サノフィについて、注目に値する面白いことを見つけました。フランスの製薬大手は今、まさに本当の転機に直面しているようで、現状の同社のR&D戦略に対しては「死の宣告」のような響きまで聞こえてきます。



何が起きているかというと、同社はここ数年、研究開発(R&D)に対して相当な資金を投入してきたものの、取締役会が期待していたような形で成果が出ていないということです。その忍耐も、正式に尽きたわけです。そこで彼らはリーダーシップの手を打とうとしています。状況を変えるために、Merckの幹部を迎え入れるのです。これは単なる定例の人員入れ替えではなく、いまの方針がうまく機能していなかったことをはっきり示すシグナルです。

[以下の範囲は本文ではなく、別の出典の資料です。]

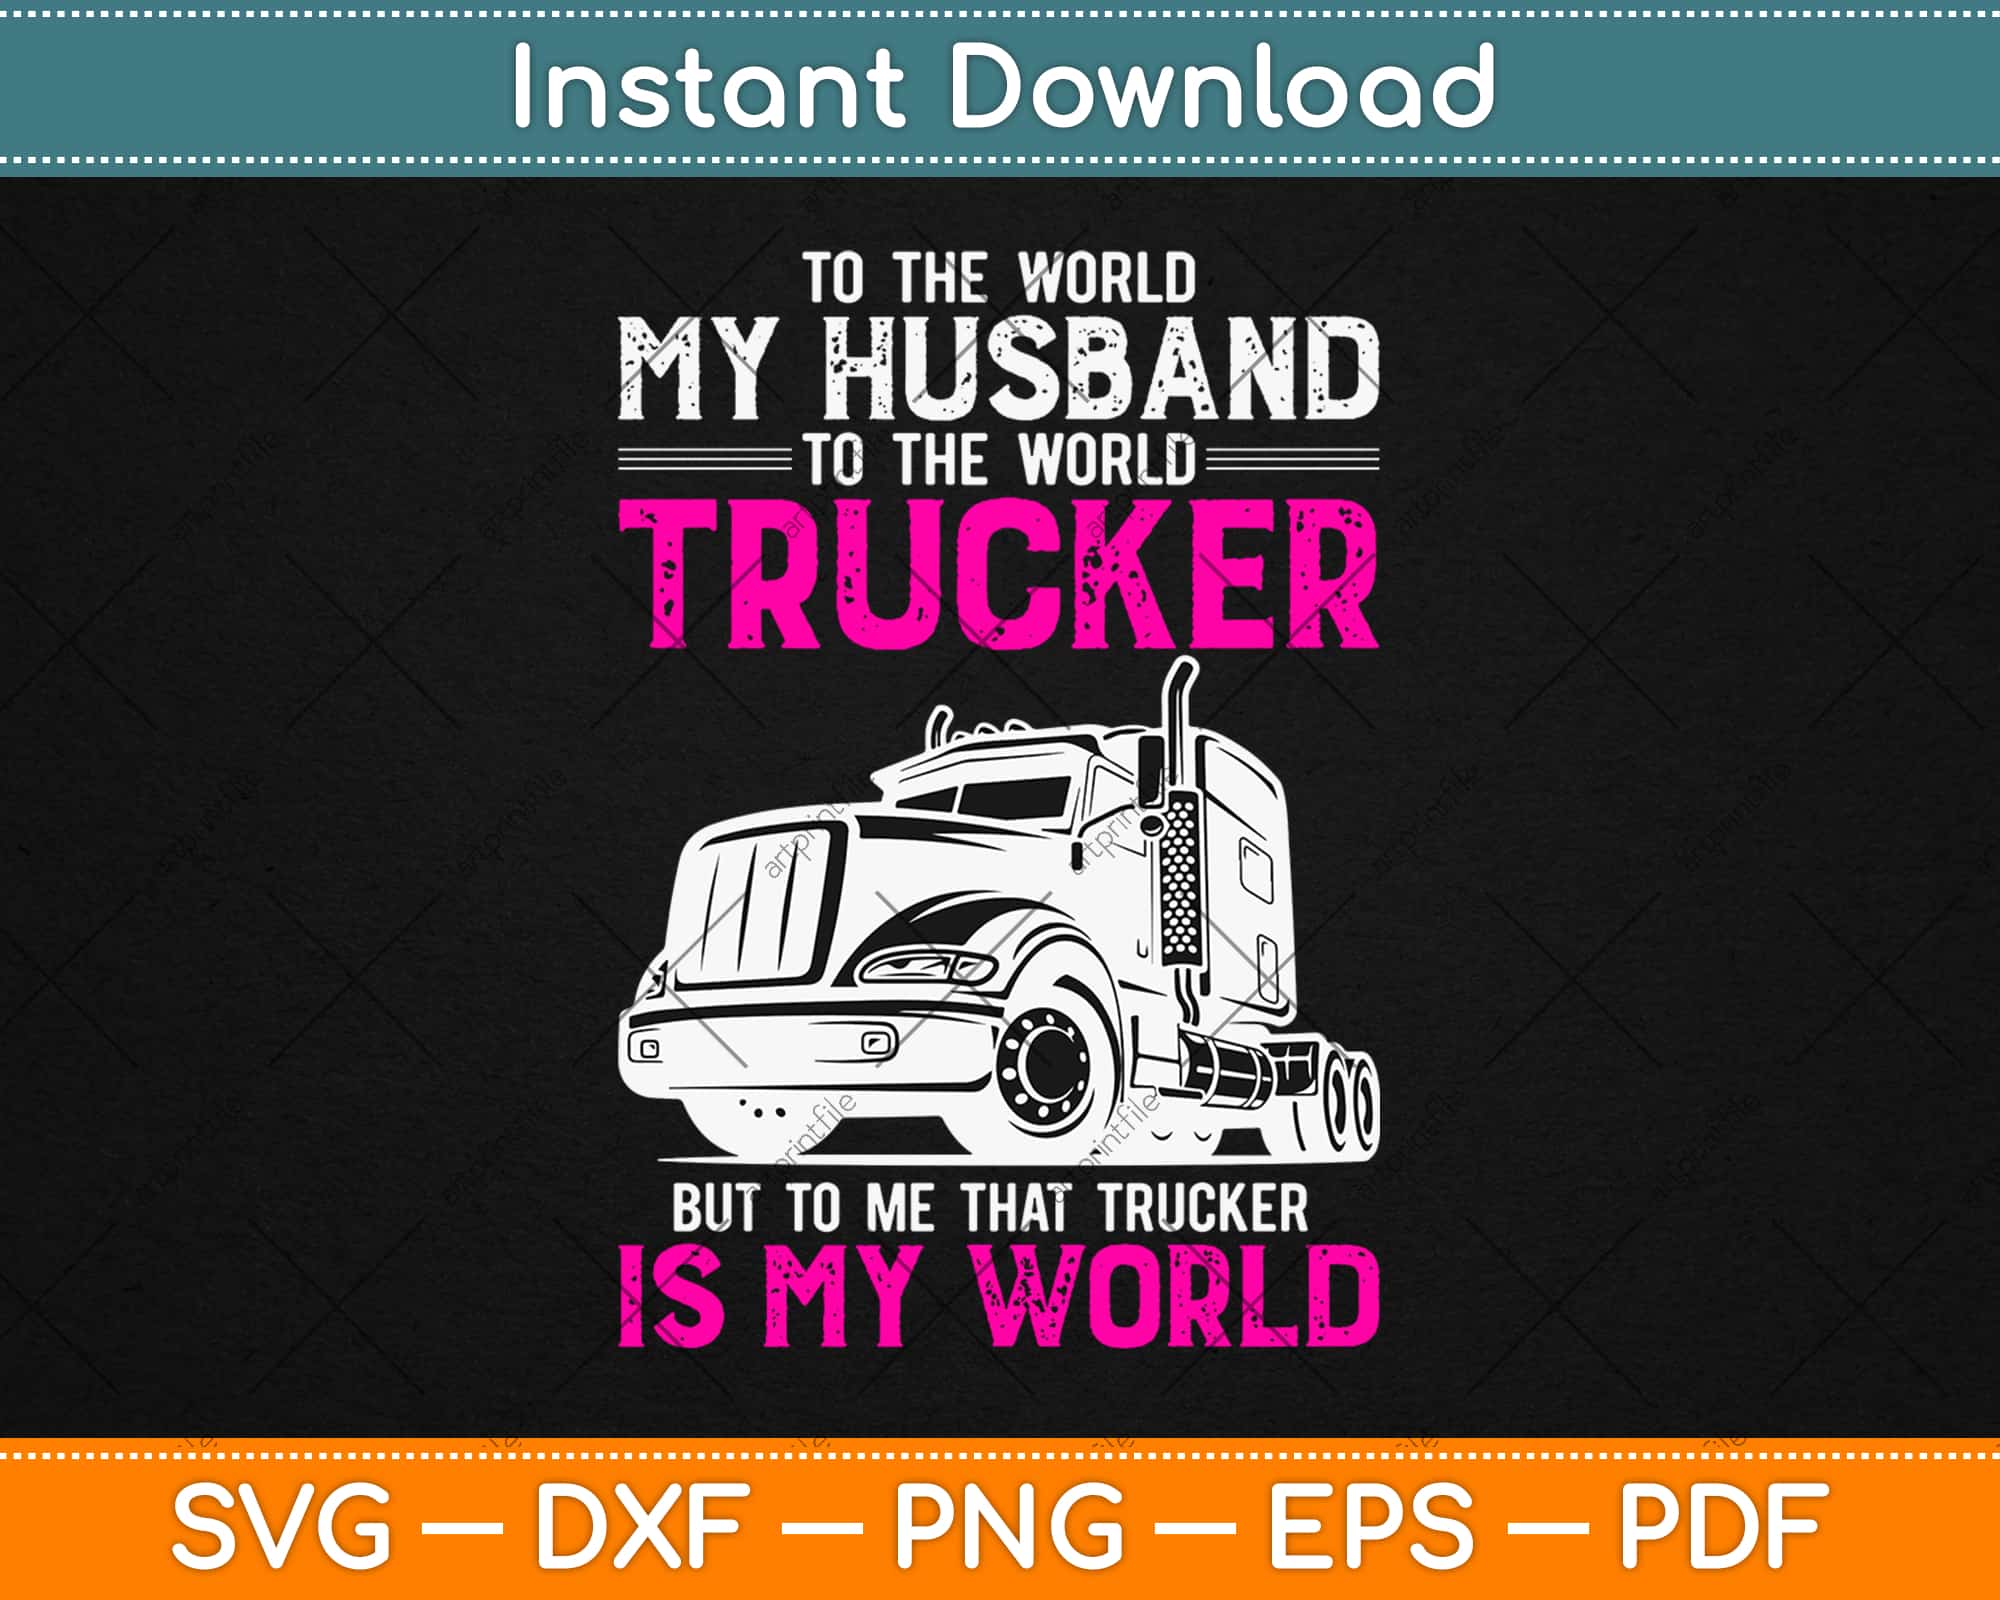 Download Truckers Wife Svg File Truck Driver Svg File Semi Truck Svg File Vector Art For Commercial Personal Use Cricut Cameo Silhouette Vinyl Die Cuts Papercraft Kromasol Com

市場はすでに反応しています。時間外(プレマーケット)の取引で株価が6%以上下落しており、投資家たちも同じようにこれを受け止めていることがわかります――つまり、旧来の戦略に対する「死の宣告」になり得る、という見方です。このような動き、とりわけ競合から誰かが入ってくる場合は、取締役会が「何か根本的なことを変える必要がある」と認めていることを意味するのが通常です。

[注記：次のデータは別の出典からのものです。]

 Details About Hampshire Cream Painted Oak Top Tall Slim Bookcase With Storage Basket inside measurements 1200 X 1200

ここで興味深いのはタイミングです。Sanofiは大きく投資したのに、必要としていたパイプラインのブレークスルーは得られませんでした。そこで今度は、新たなリーダーシップに賭けて、これを軌道修正しようとしています。Merck出身のこの幹部が、実際にR&Dの問題を反転させられるかどうかはまだわかりませんが、はっきりしていることが1つあります。旧来のアプローチは「死の宣告」を突きつけられたということです。市場は次に何が起きるのかを、注意深く見守っています。